[SUPPLIED DATA]:
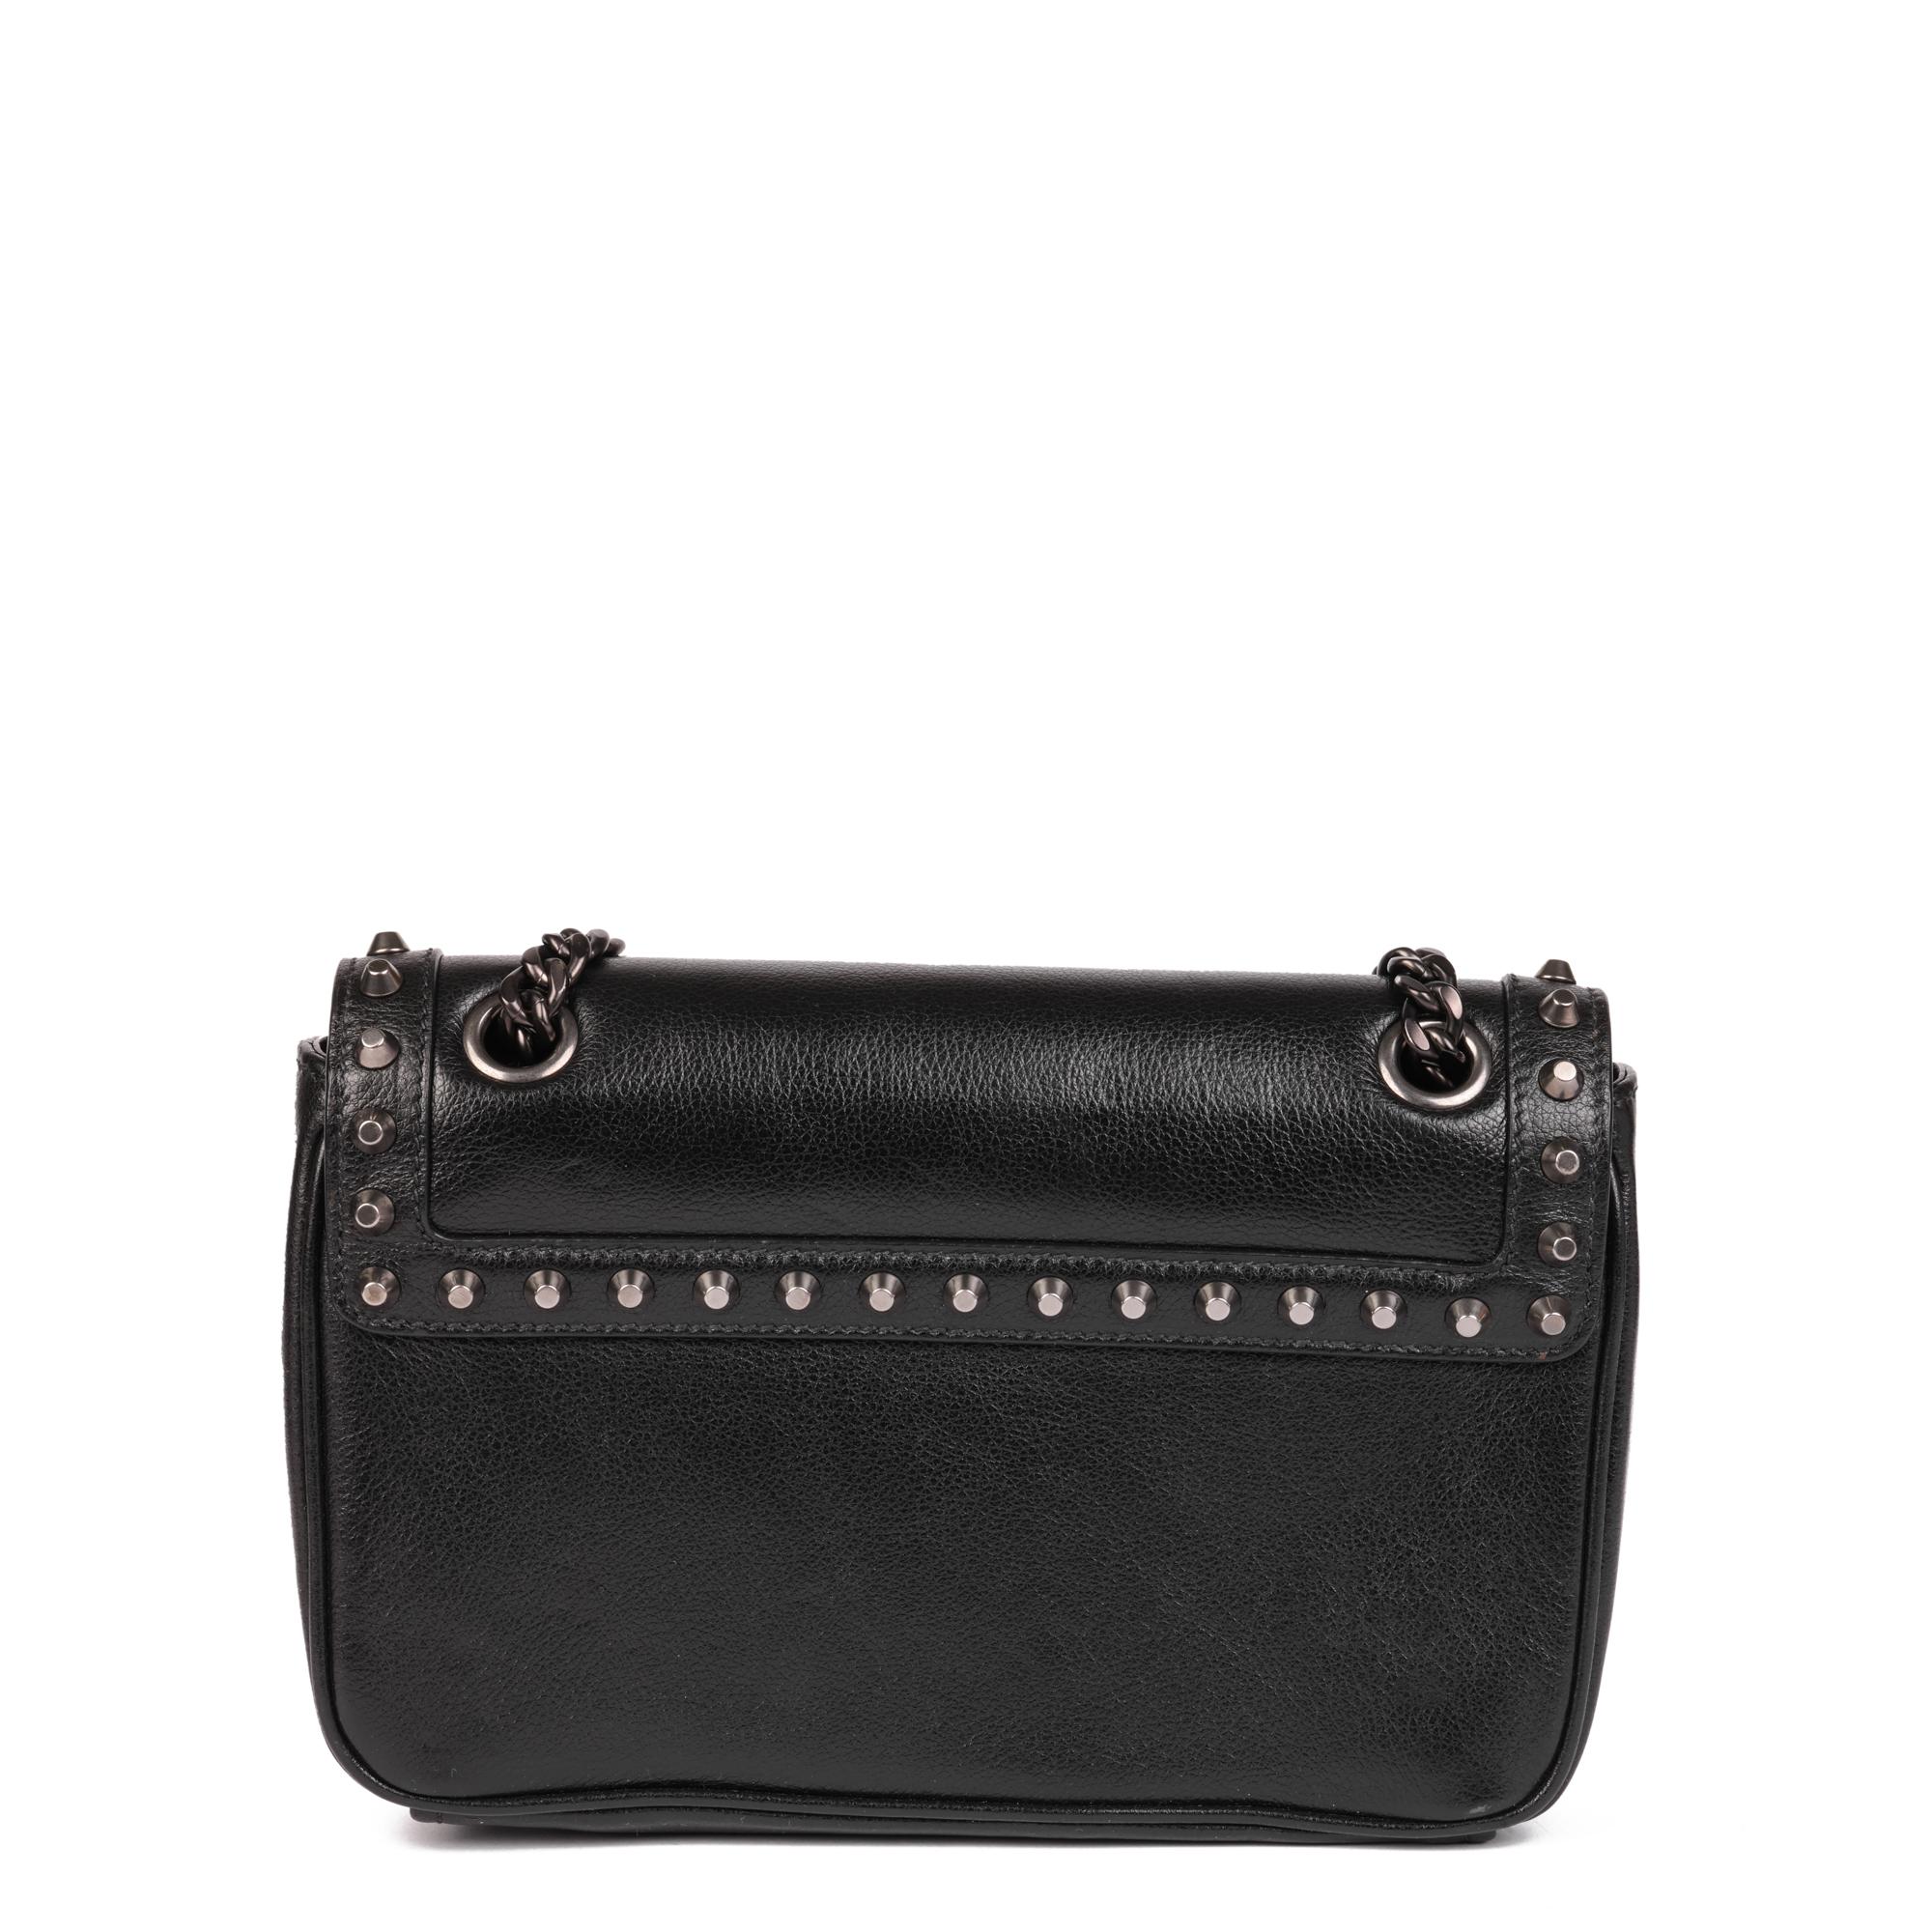 PRADA Black Calfskin Leather Studded Crossbody Bag 1
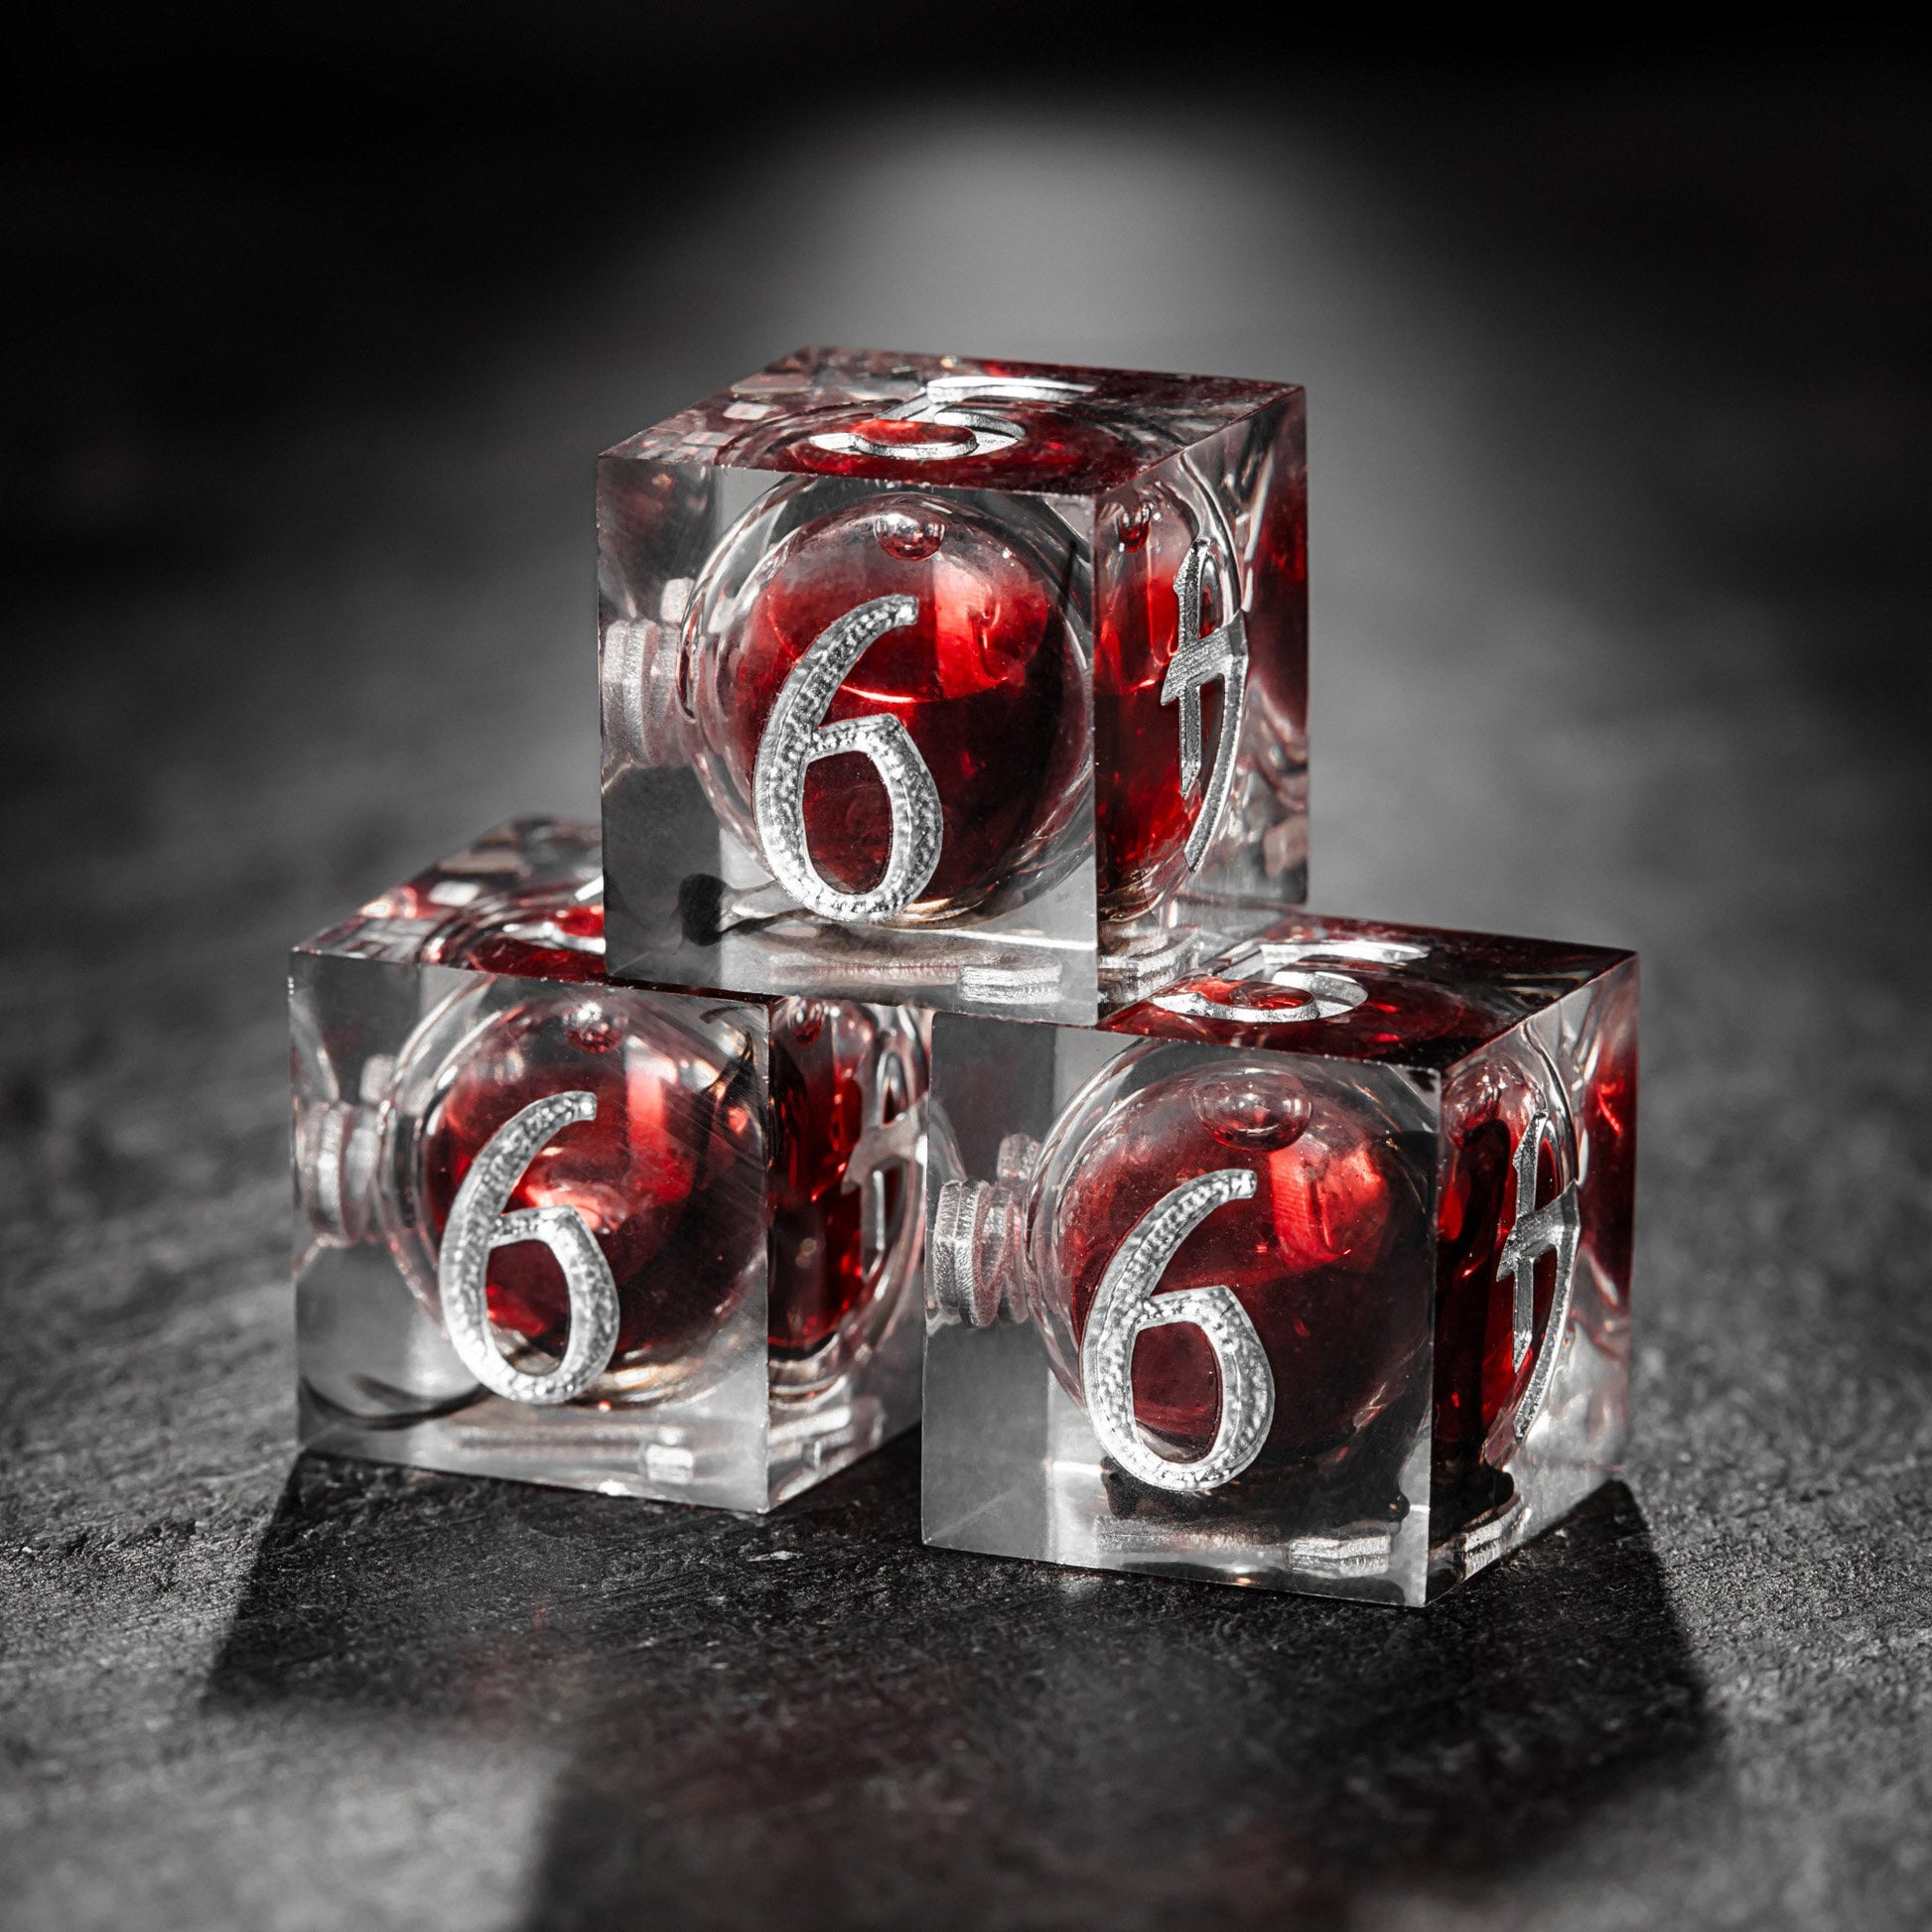 Blood Red Liquid Core Dice Bat DnD D&D Dice Set - CrystalMaggie
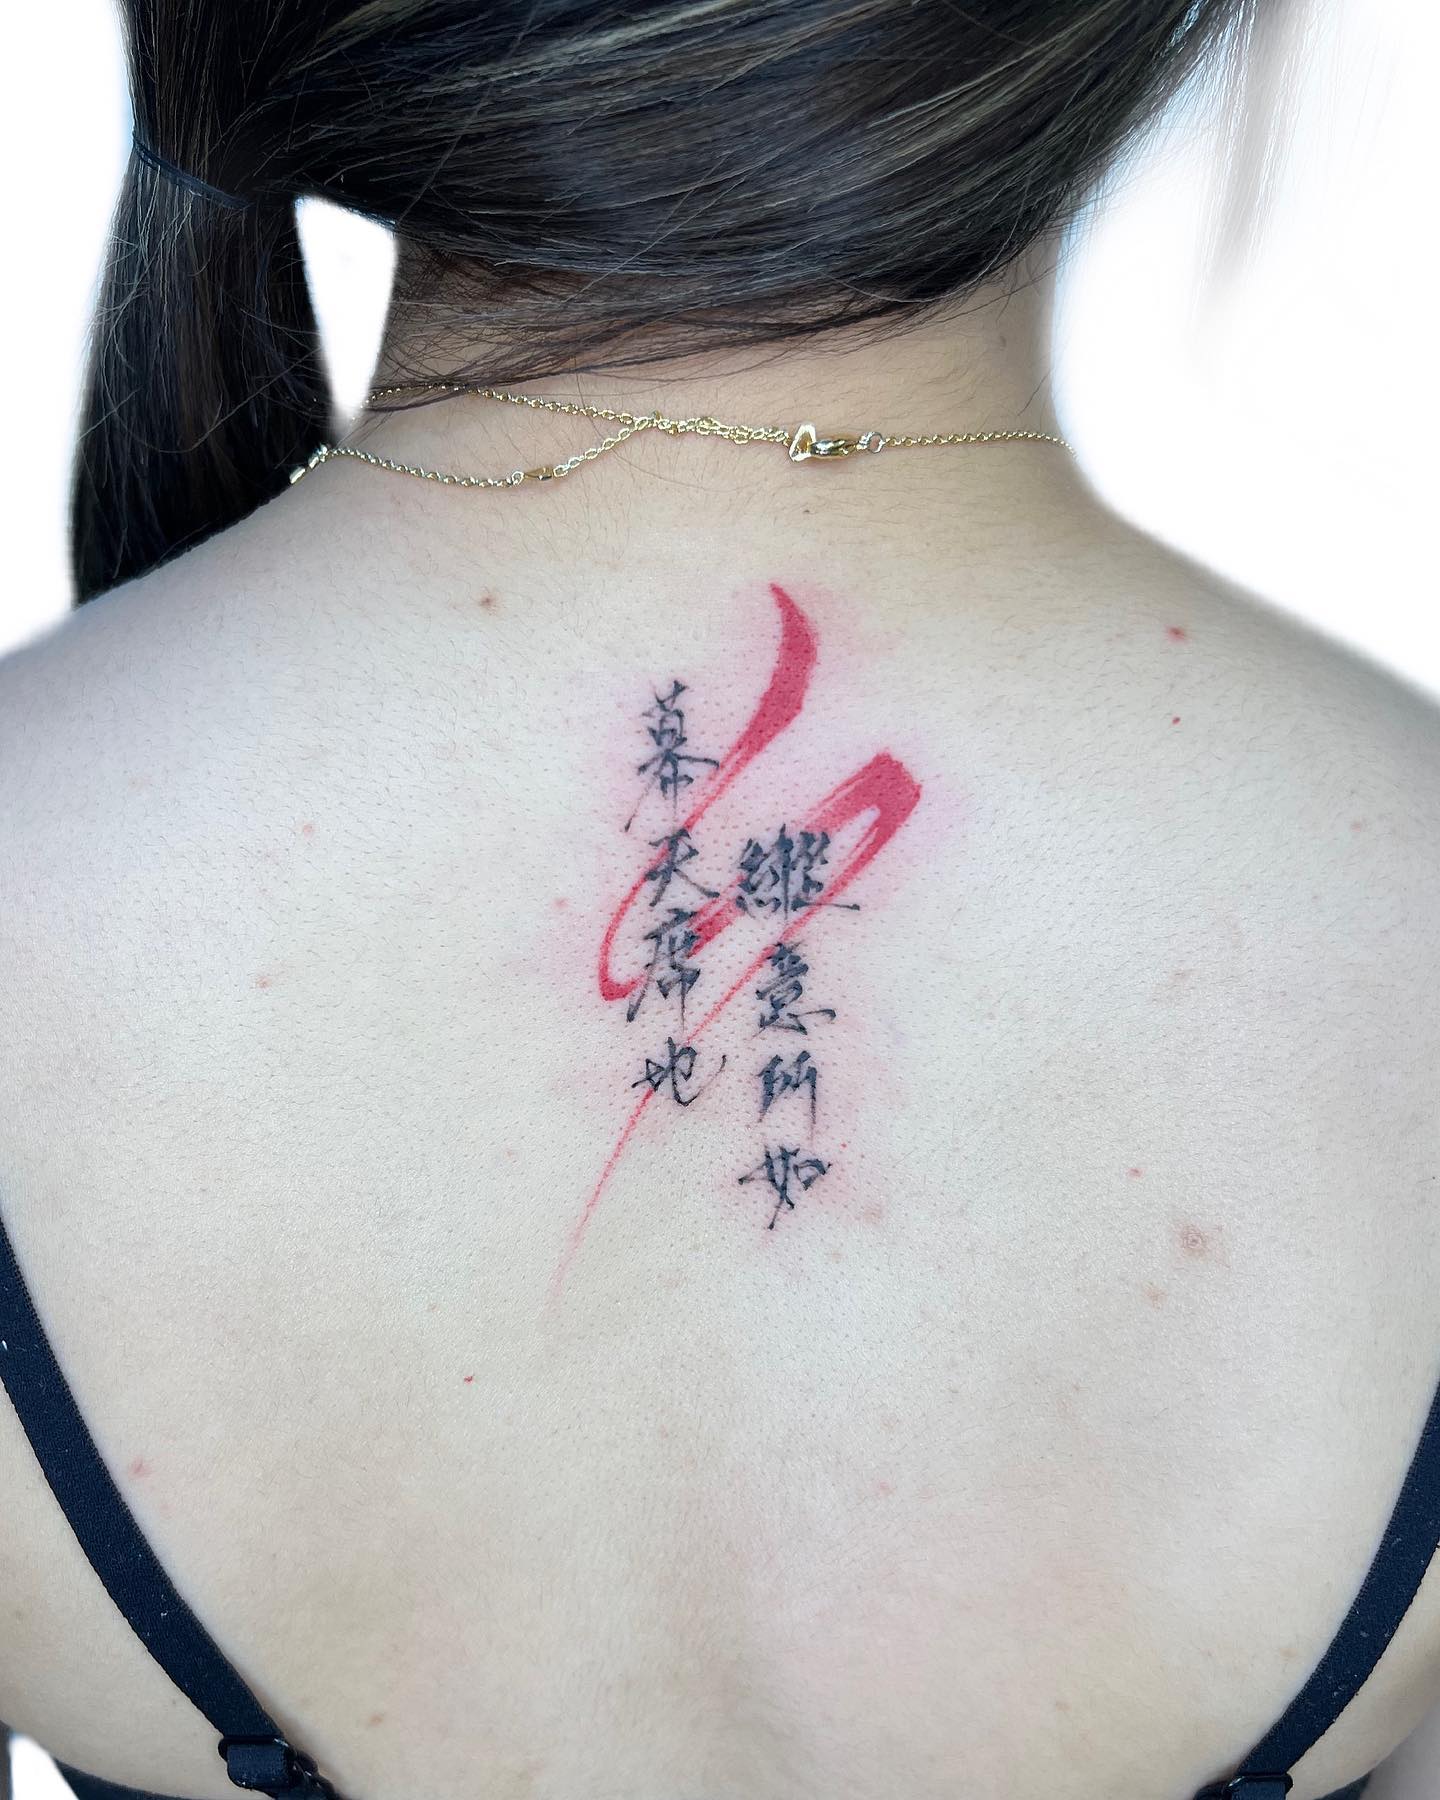 Tatuaje chino en la espalda con salpicaduras.

[WHAT THIS TASK INVOLVES]:
Write out the data above in full and exactly, but not the pictures.

[SOLUTION TO THIS EXERCISE]:
 PRADA Black Calfskin Leather Studded Crossbody Bag 1
 Blood Red Liquid Core Dice Bat DnD D&D Dice Set - CrystalMaggie
 Tatuaje chino en la espalda con salpicaduras.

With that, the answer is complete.